Exercise directions: Write back every line of the listing exactly, excluding images.

Supplied material:
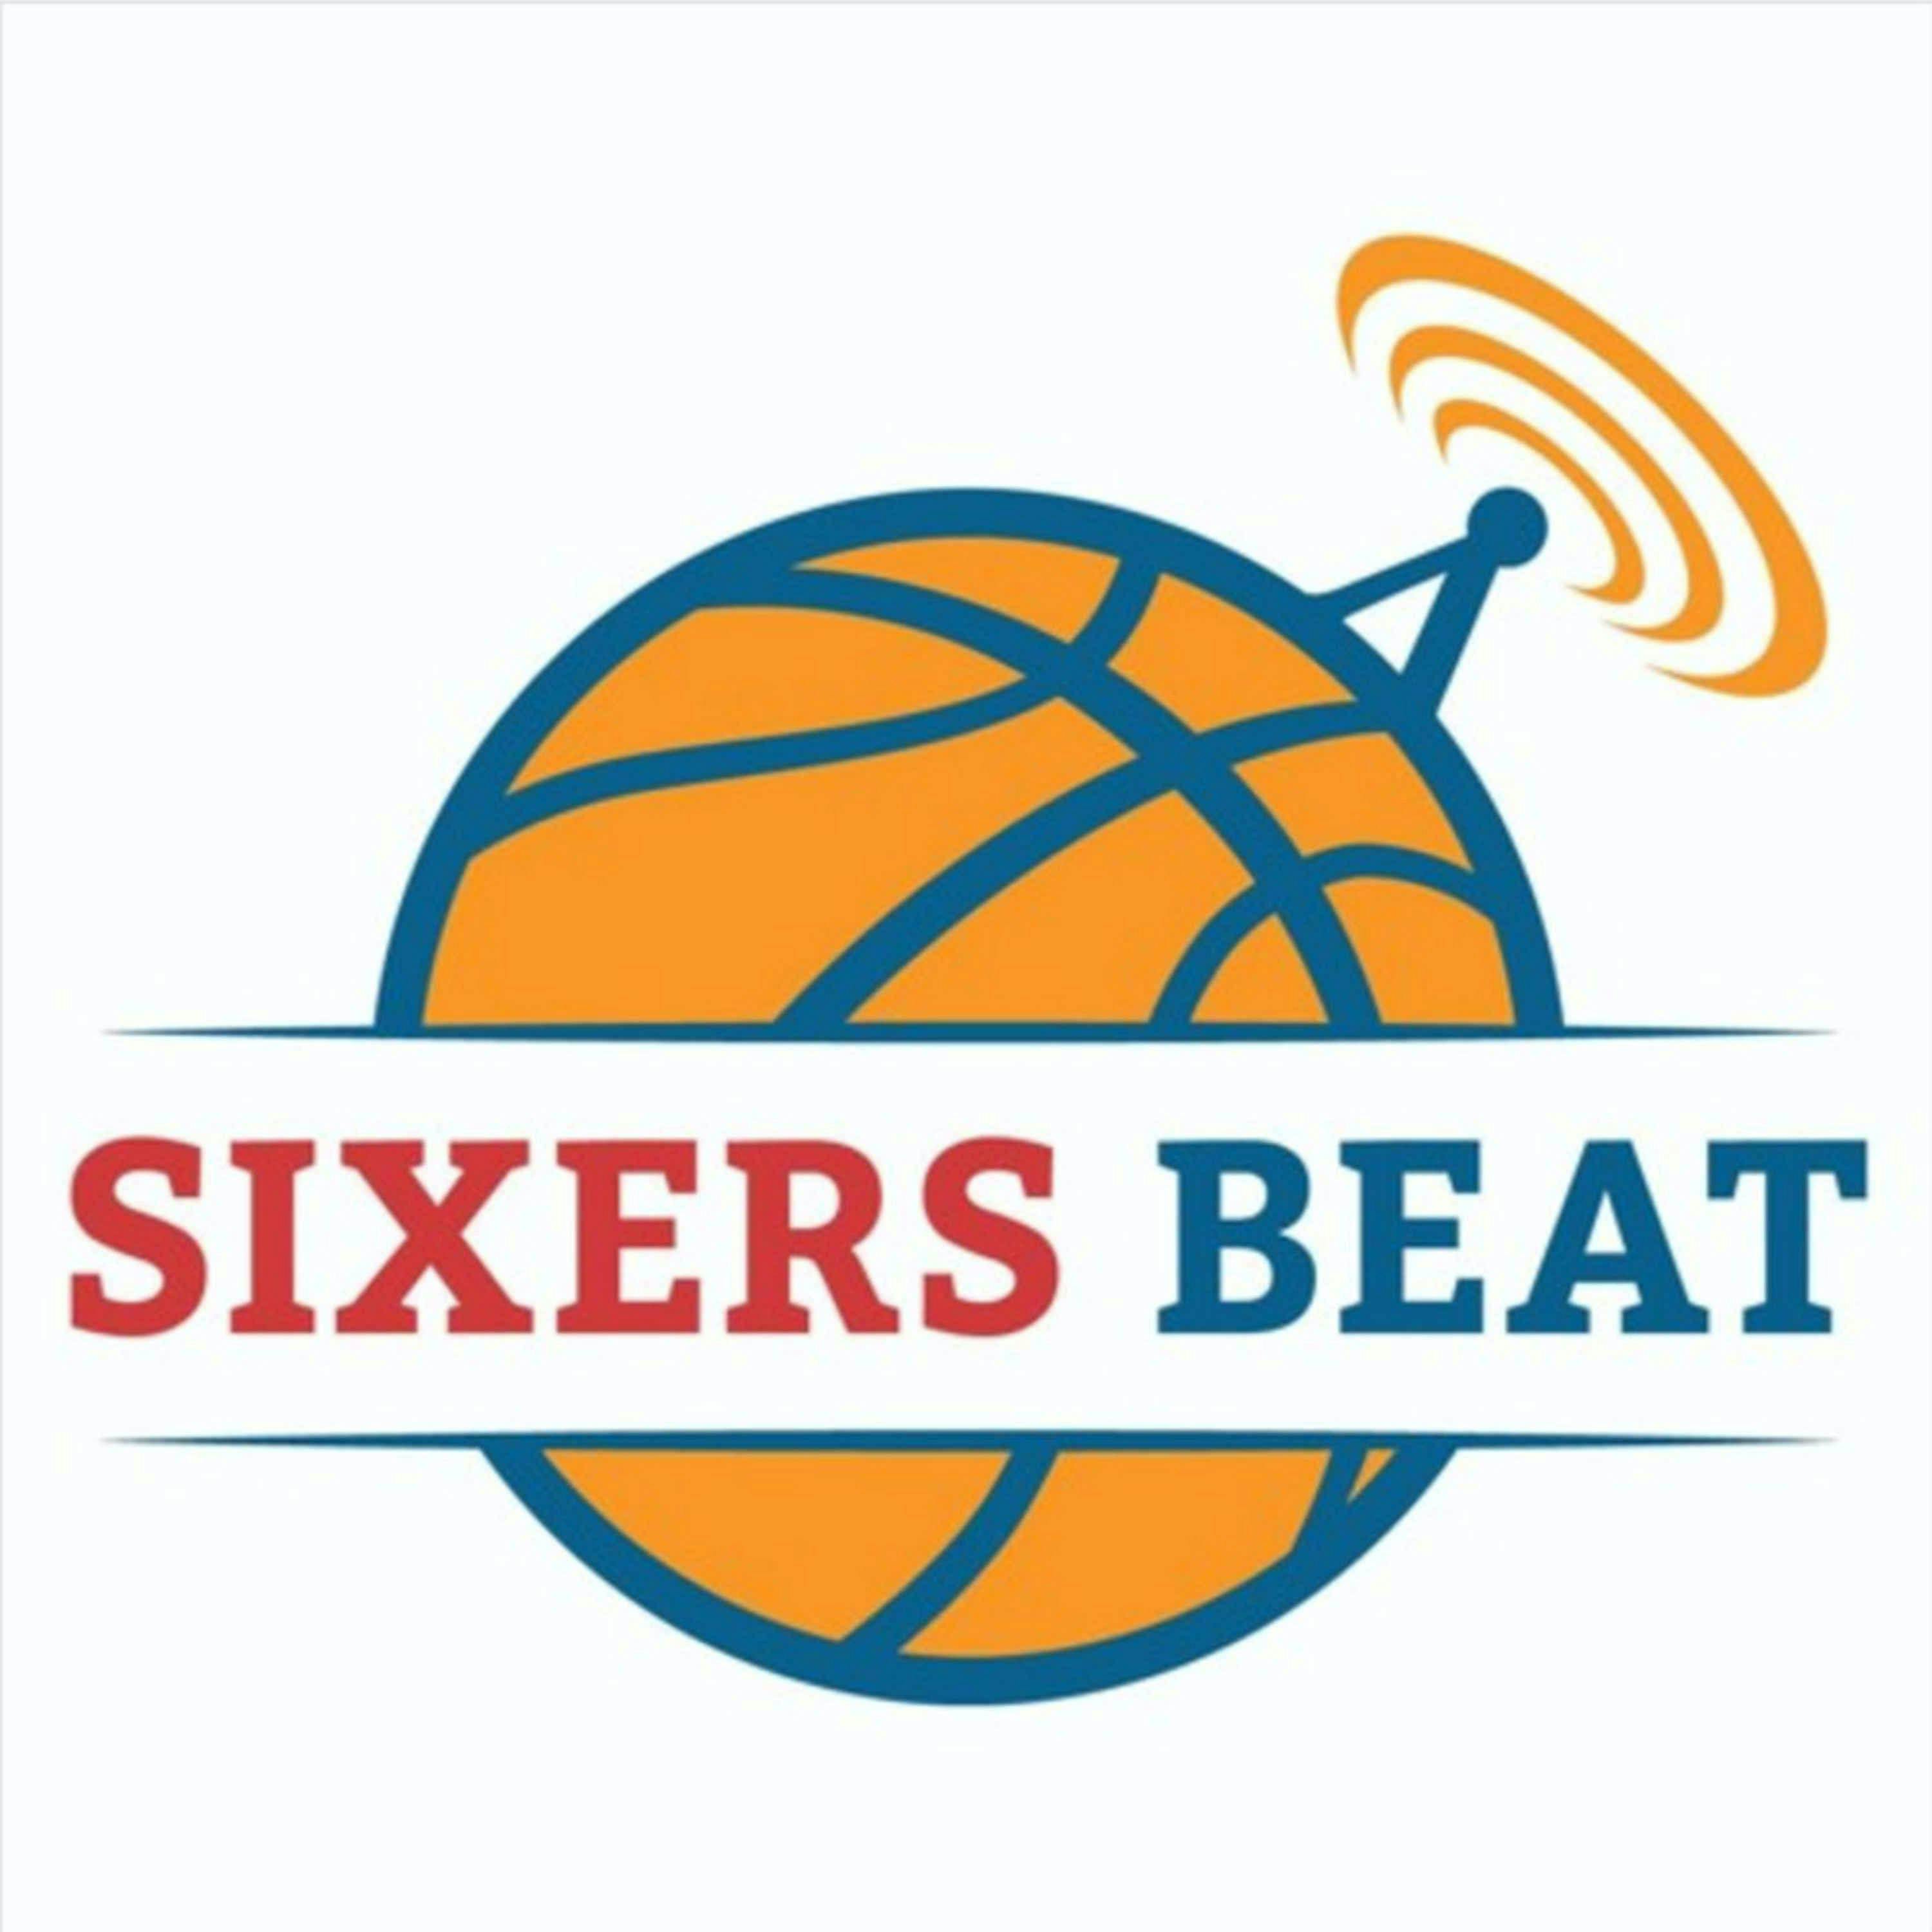 #189 - What Al Horford brings to the 76ers
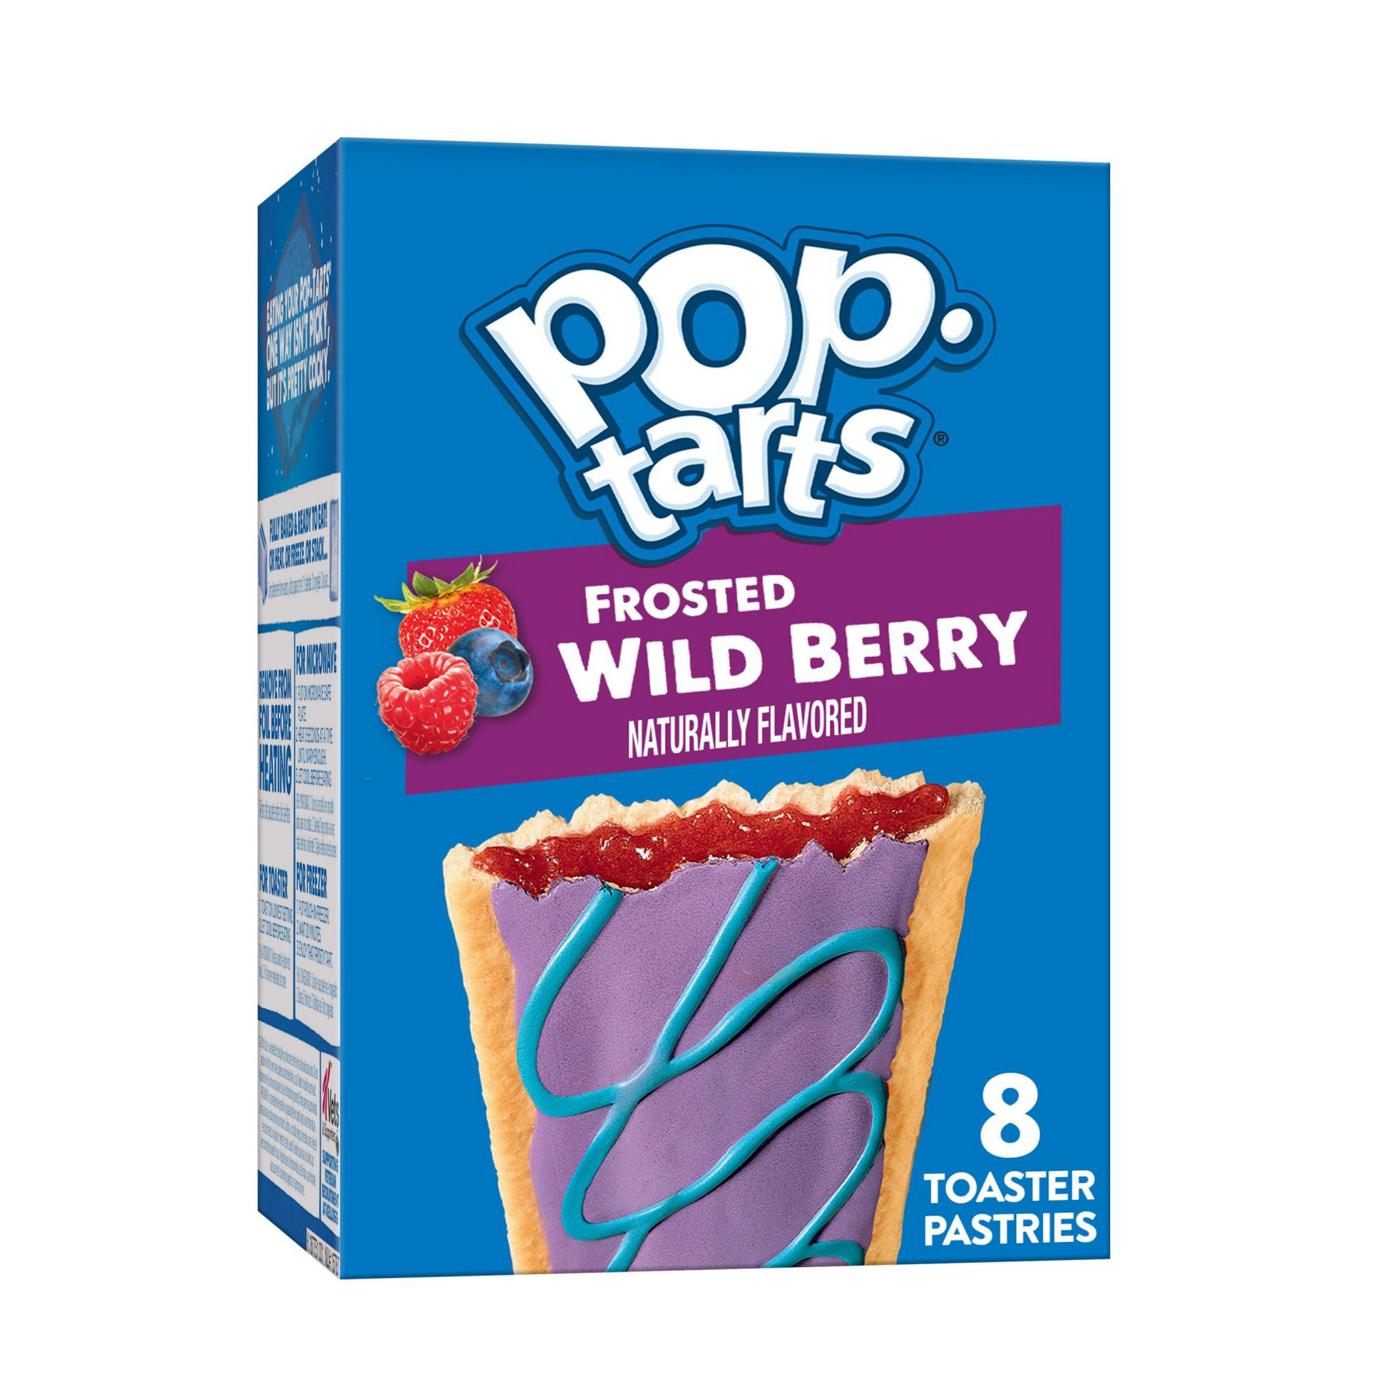 Pop-Tarts Frosted Wild Berry Toaster Pastries; image 5 of 6
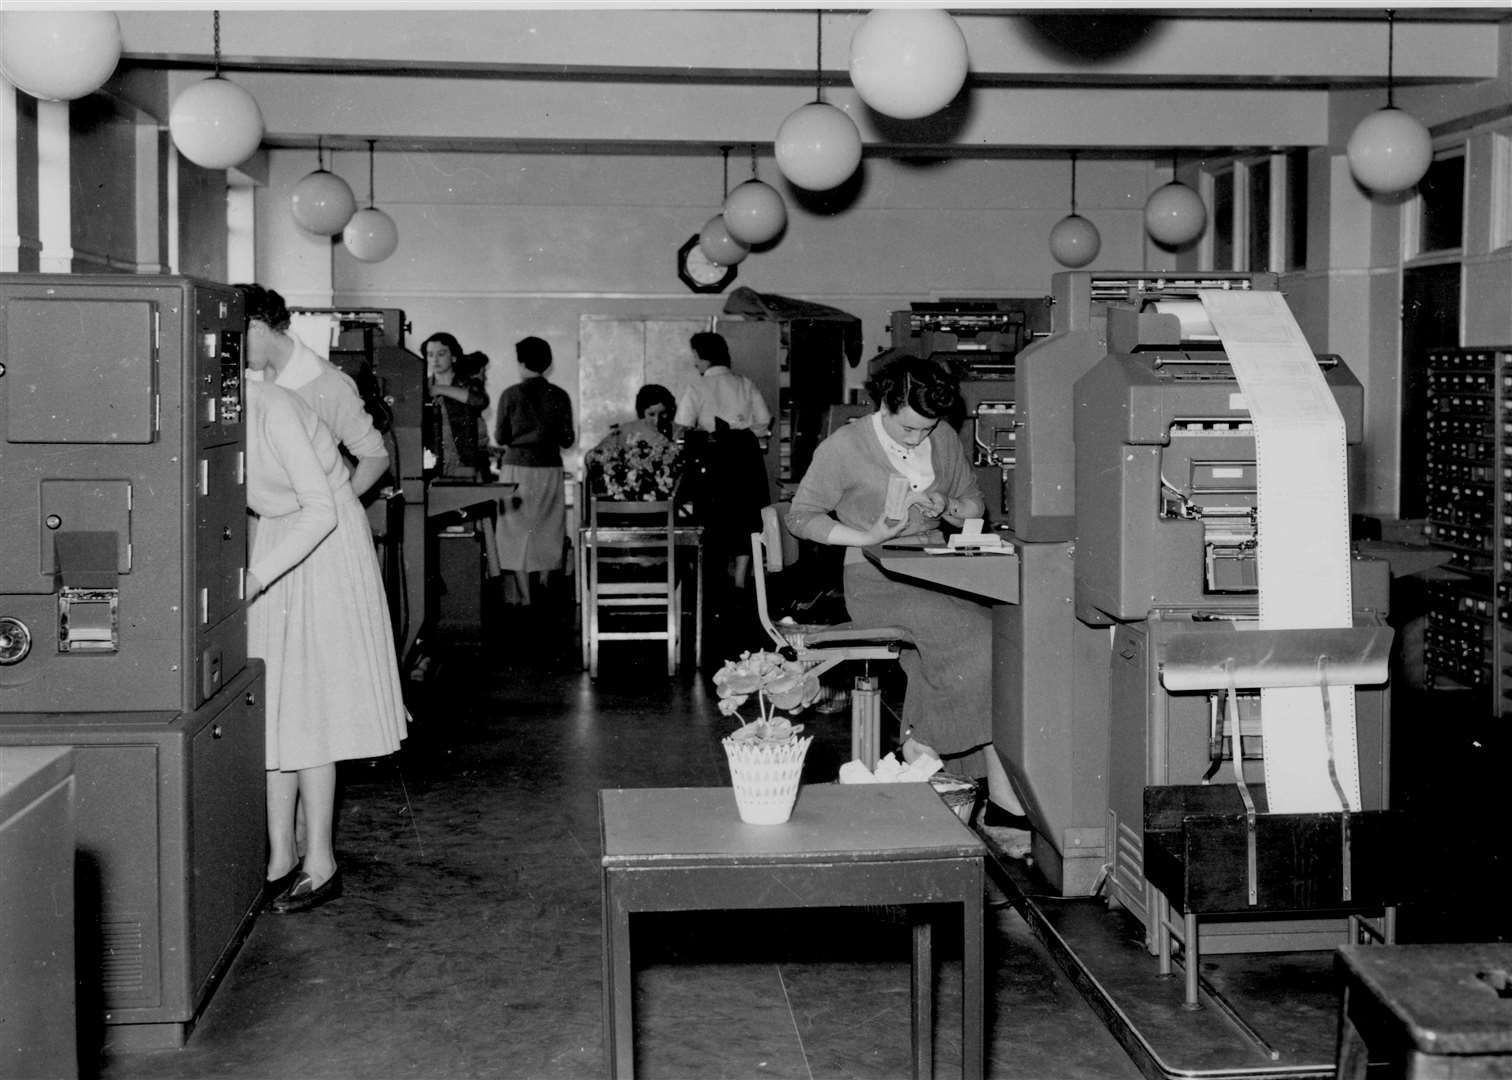 Telephone House, Canterbury, in May 1957. On the left, reported the Kentish Gazette, is the electronic multiplying punch - a version of the so-called electronic brain - and on the right the tabulator which processes the accounts
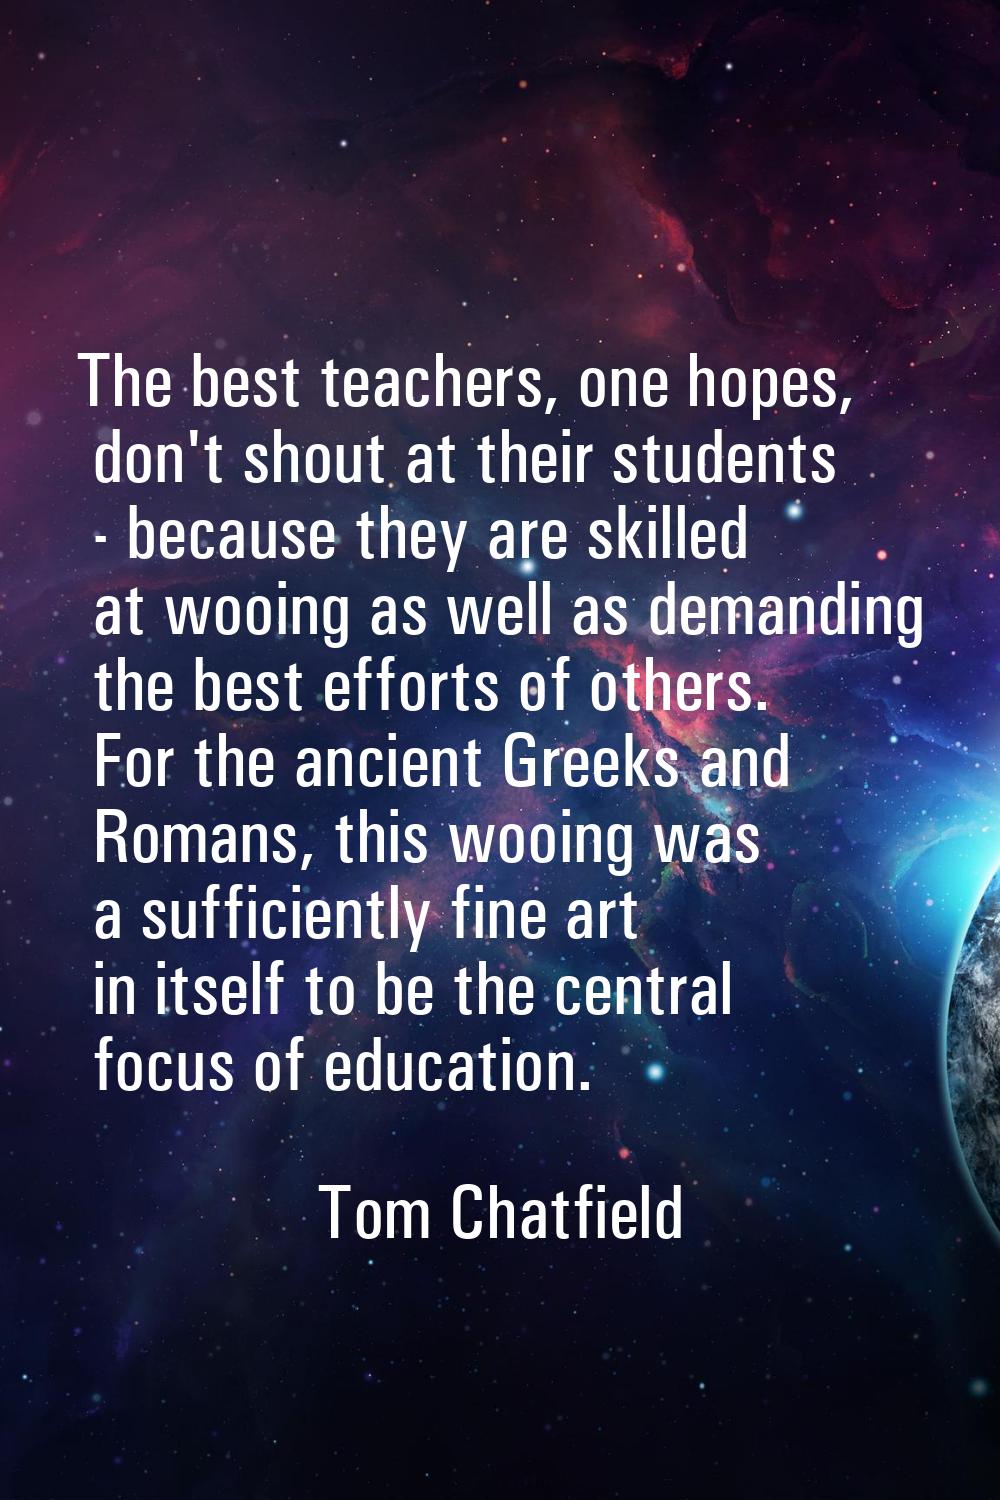 The best teachers, one hopes, don't shout at their students - because they are skilled at wooing as

Solution:
 #189 - What Al Horford brings to the 76ers
 Pop-Tarts Frosted Wild Berry Toaster Pastries; image 5 of 6
 Telephone House, Canterbury, in May 1957. On the left, reported the Kentish Gazette, is the electronic multiplying punch - a version of the so-called electronic brain - and on the right the tabulator which processes the accounts
 The best teachers, one hopes, don't shout at their students - because they are skilled at wooing as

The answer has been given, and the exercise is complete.